I am glad that you changed your mind and saved me and a mod the trouble of deleting you.
What is fun about being off topic for the sake of being off topic?

.,,


----------



## rhiannonhelen

Maybe they do it for the same reason people start threads for the sake of starting a thread!


----------



## curly

. said:


> I am glad that you changed your mind and saved me and a mod the trouble of deleting you.
> What is fun about being off topic for the sake of being off topic?
> 
> .,,


It's much the same as being that idiot in class that shouts "fart" when the teacher's back is turned.


----------



## .   1

curly said:


> It's much the same as being that idiot in class that shouts "fart" when the teacher's back is turned.


I still don't get it.
Why is that fun?

.,,


----------



## curly

Nor do I, but apparently it is.


----------



## belén

Well, this may be off topic but as a mod (with feelings), allow me to share with you that I can't stand it when a forero posts something off topic but says in the same post "this is going to be deleted by a mod but...blablabla offtopic offtopic"

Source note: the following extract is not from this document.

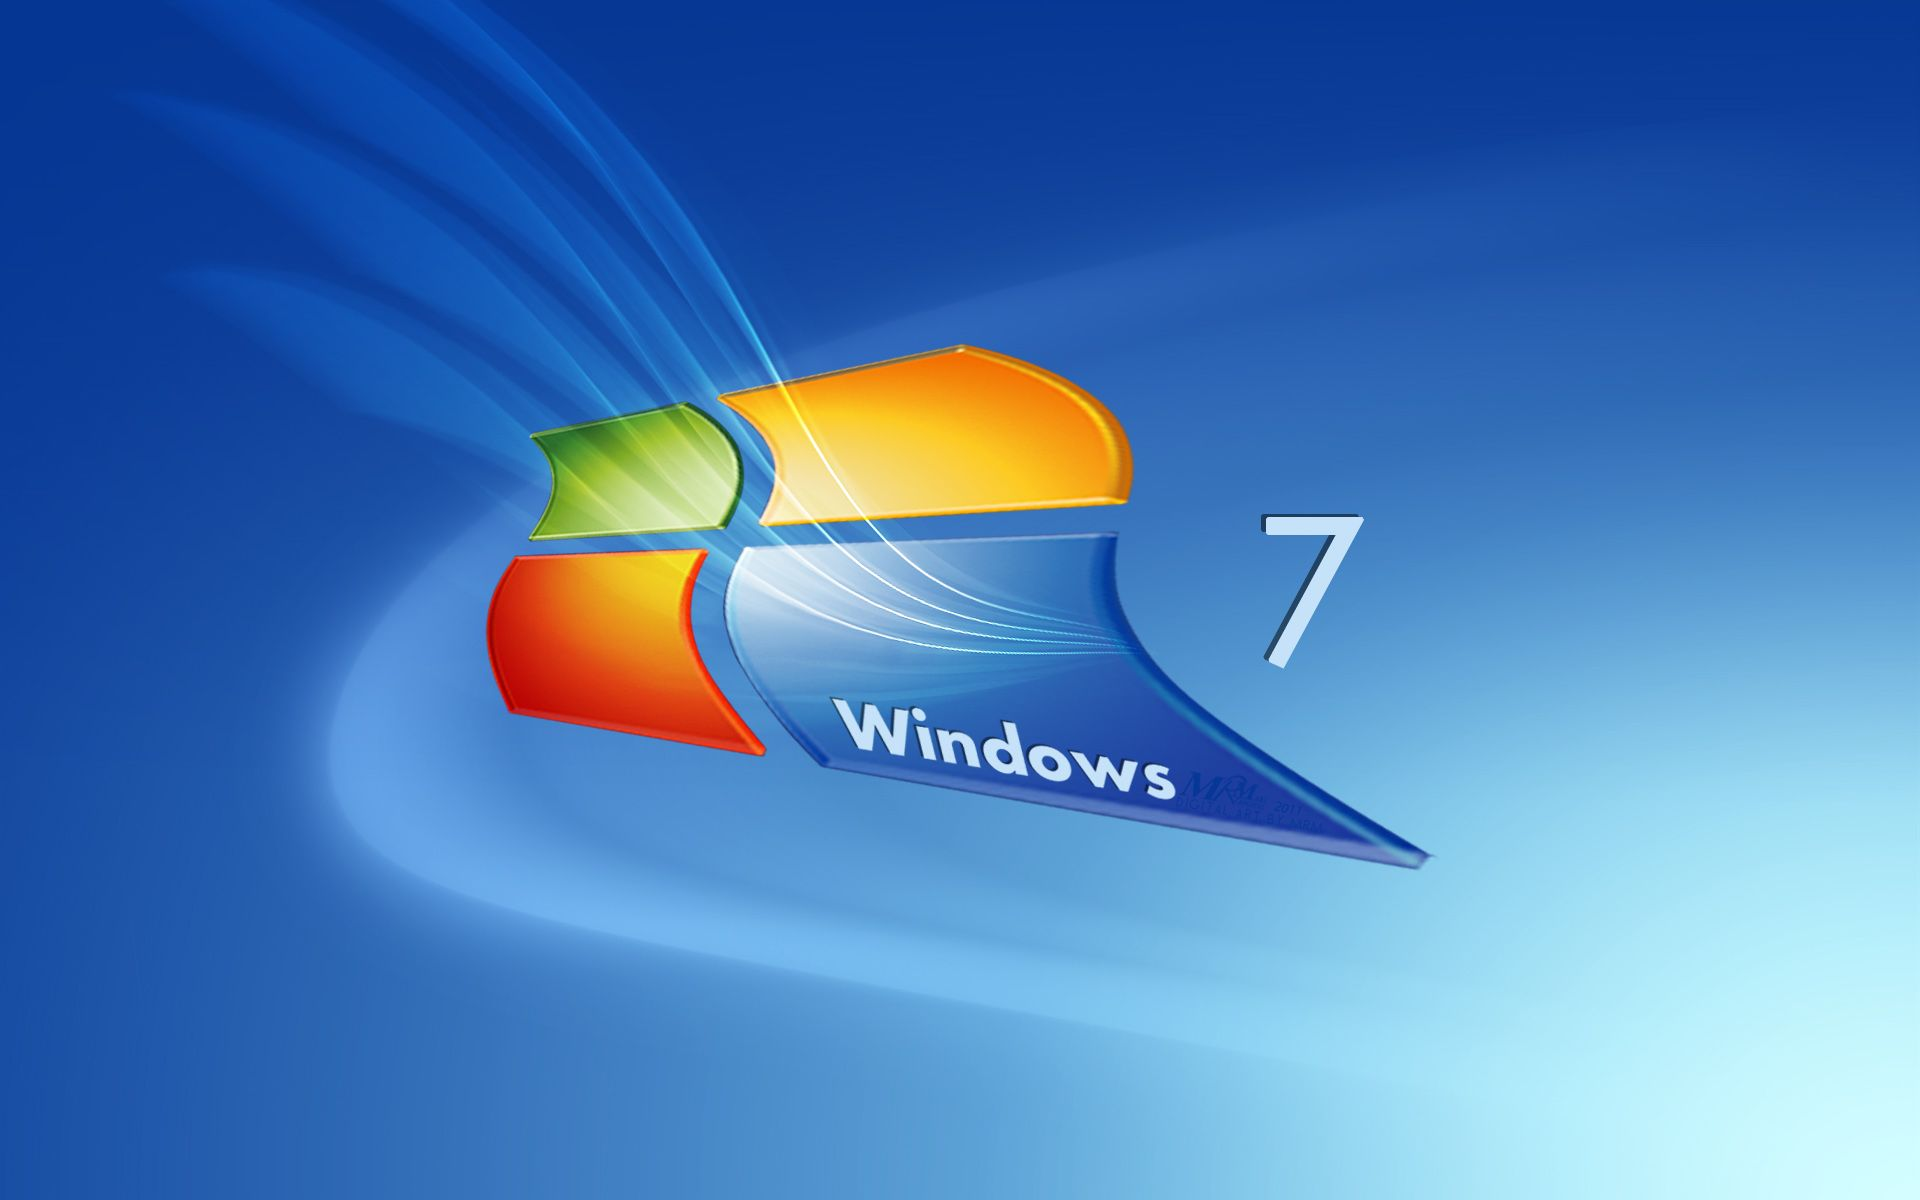 Cute Desktop Backgrounds Windows 7

Because, of course, we'll delete it, but I get the feeling the forero is saying to his friends "See! I told you!" and I also think "but..whyyyy, why did you do it ??" 

I don't know if it's the thrill of doing something you know is wrong or what, but it really gets me on my nerves!!

Be


----------



## liulia

. said:


> G'day Cultur@s,
> 
> Why do some folks insist on replying to obviously off topic posts?
> 
> .,,



Well, sometimes they're funny, even though they are off topic, and it seems a shame (and a bit stodgy!) to ignore them, resist applauding their wit,  and not admit to being amused, simply because of a rule. 
And when they are really, really funny and trigger a funny response...well, it's really hard to resist! Personally, I have been very good, but that's mostly because as a recent member I have not been bold enough to break rules very often!


----------



## SaritaSarang

I think sometimes off topic things are taken too seriously. Someone may post a short comment, that was amusing or informative (but not on topic) and I don't see the need to delete them all.  I can see deleting offensive or rude things, but other than that whats the harm in leaving it?


----------



## alexacohen

Hello:
The first time I had one of my posts deleted as "off topic" I didn't understand why. Because I sincerely believed it was "on topic". Obviously the mod didn't think the same!
So maybe there are times when people don't realize, as I didn't realize, that they've wandered "off topic".
Alexa


----------



## belén

SaritaSarang said:


> I think sometimes off topic things are taken too seriously. Someone may post a short comment, that was amusing or informative (but not on topic) and I don't see the need to delete them all.  I can see deleting offensive or rude things, but other than that whats the harm in leaving it?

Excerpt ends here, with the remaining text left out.